Stored data »

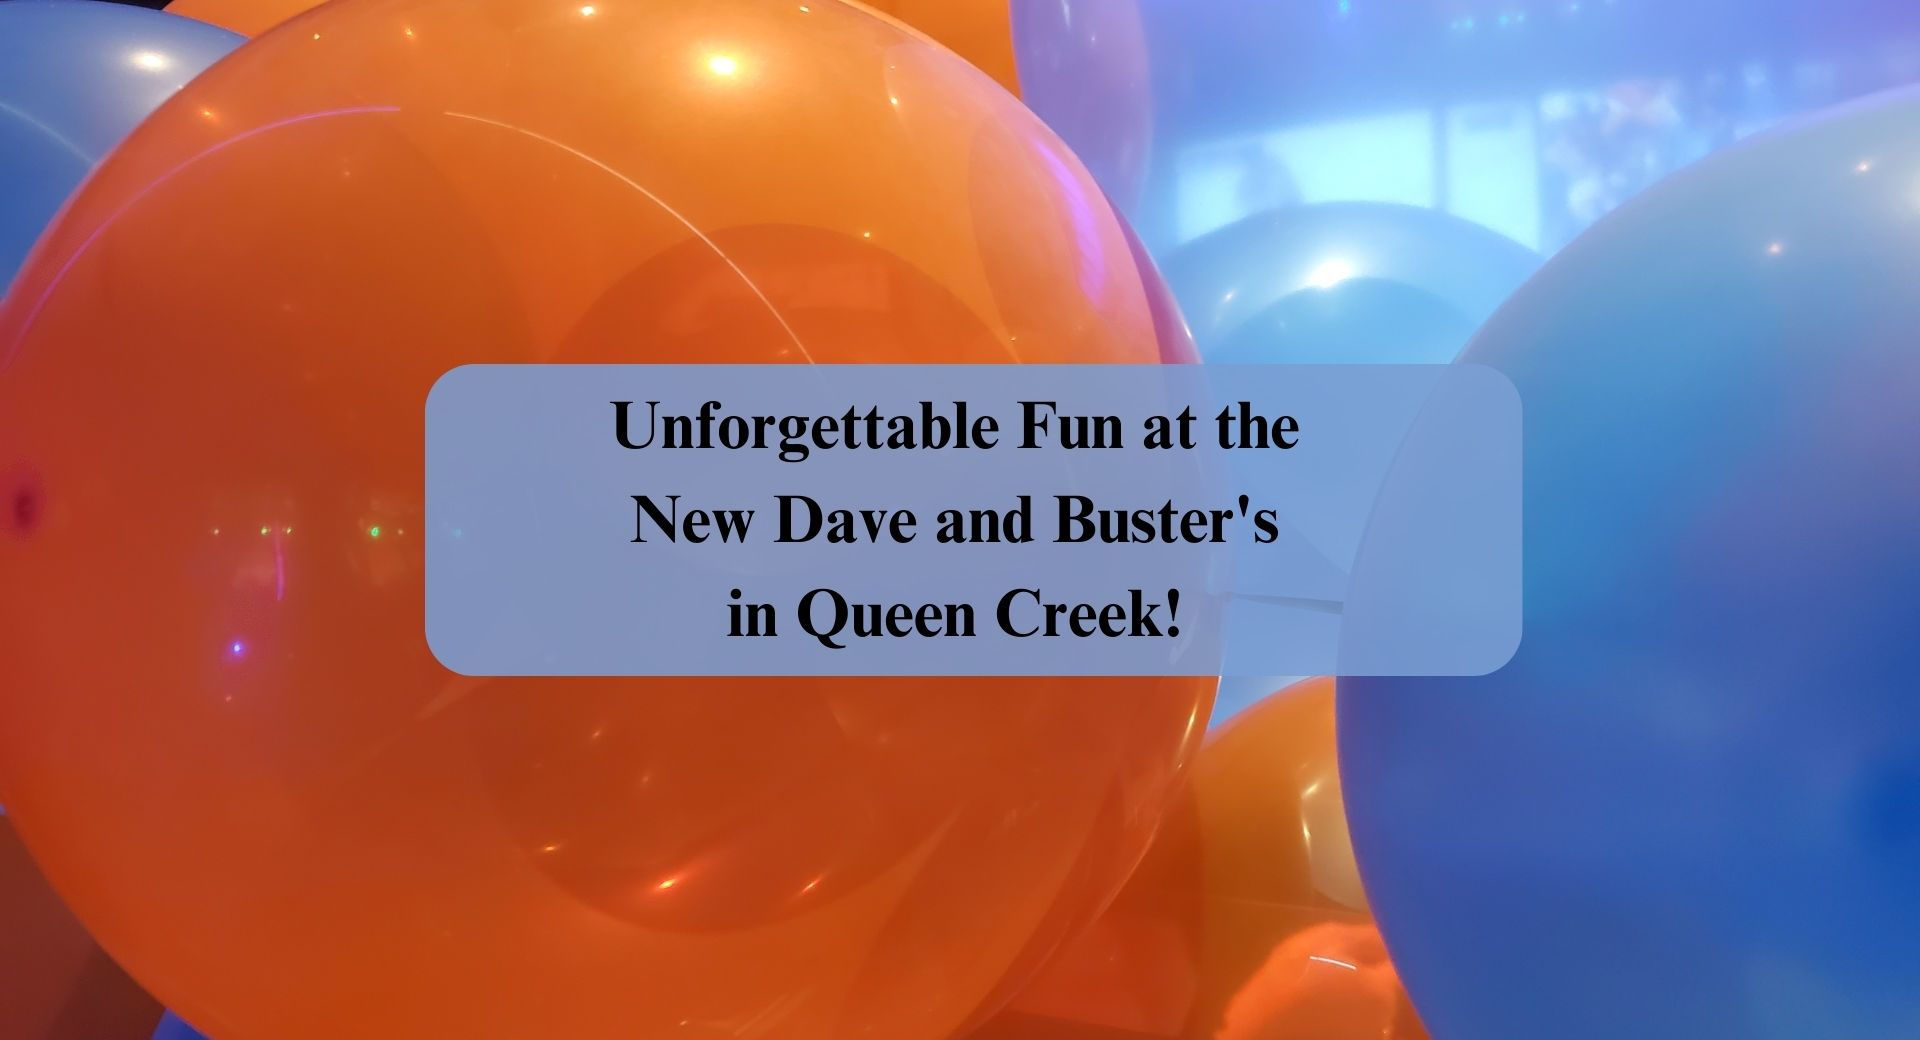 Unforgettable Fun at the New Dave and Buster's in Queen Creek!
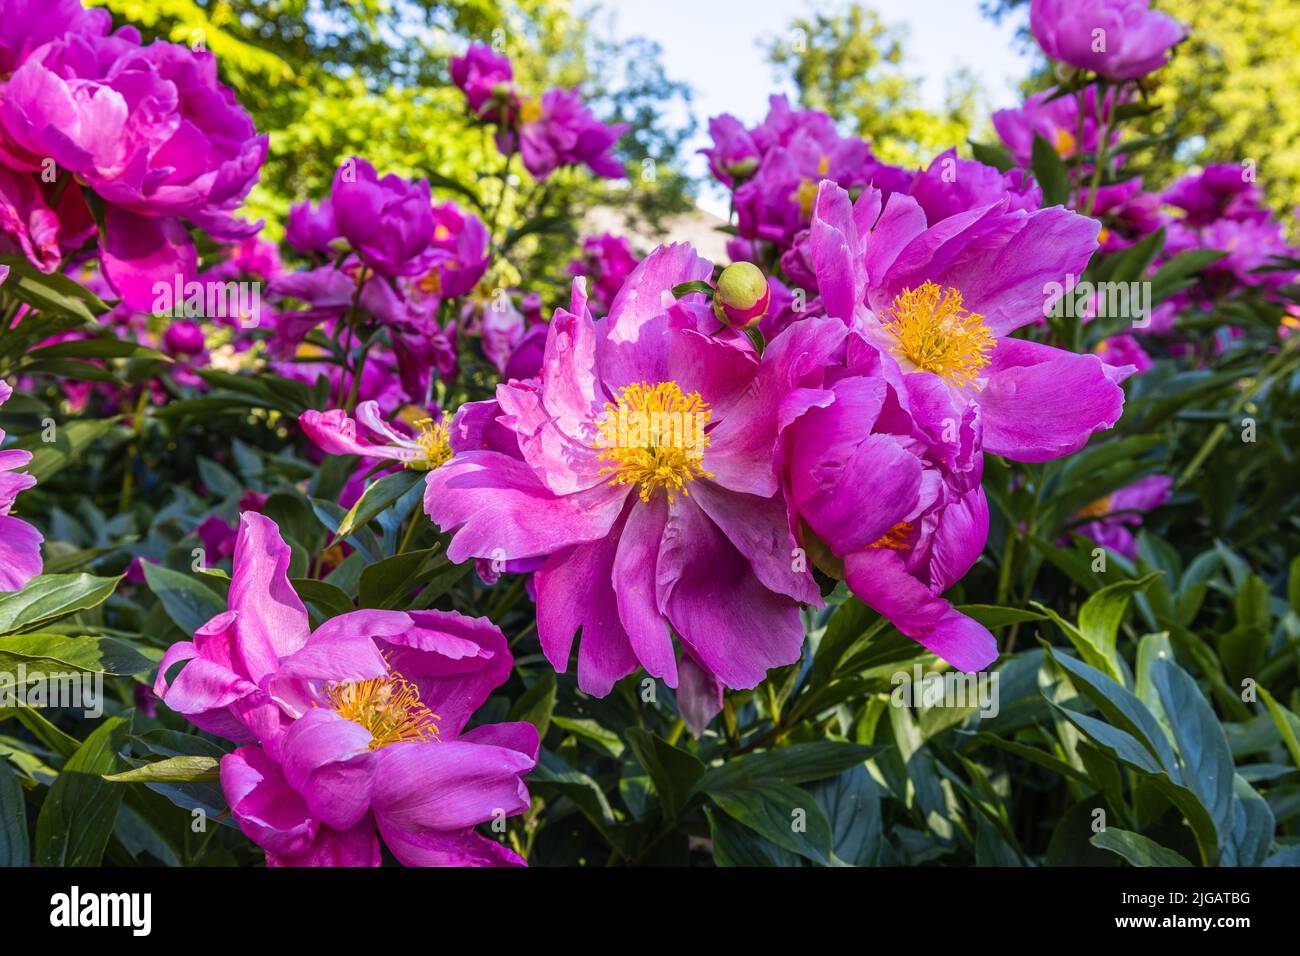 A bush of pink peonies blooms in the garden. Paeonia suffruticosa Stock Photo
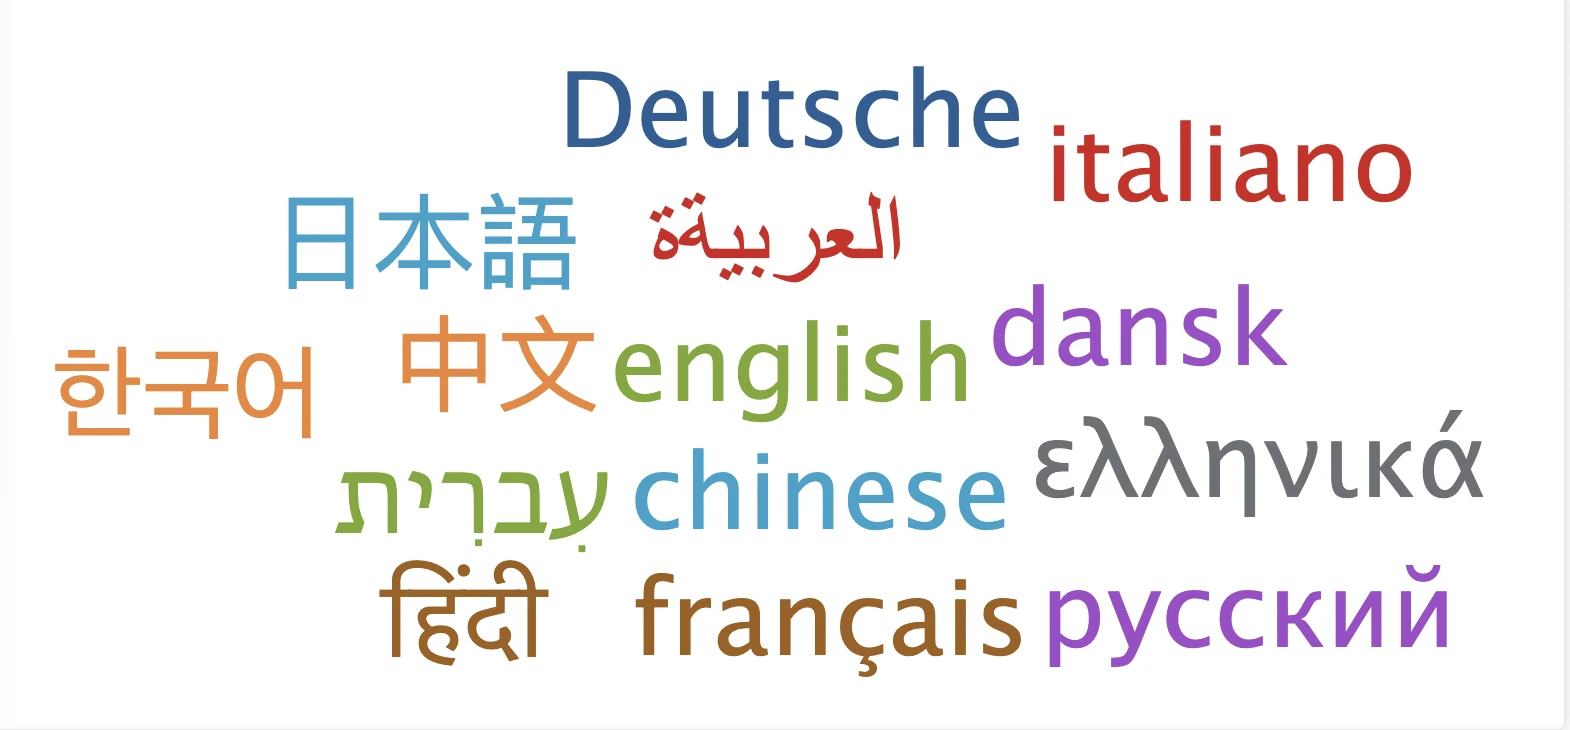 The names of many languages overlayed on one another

What is being asked » Retype the listing exactly. Skip every picture.

Task solution »
 Unforgettable Fun at the New Dave and Buster's in Queen Creek!
 A bush of pink peonies blooms in the garden. Paeonia suffruticosa Stock Photo
 The names of many languages overlayed on one another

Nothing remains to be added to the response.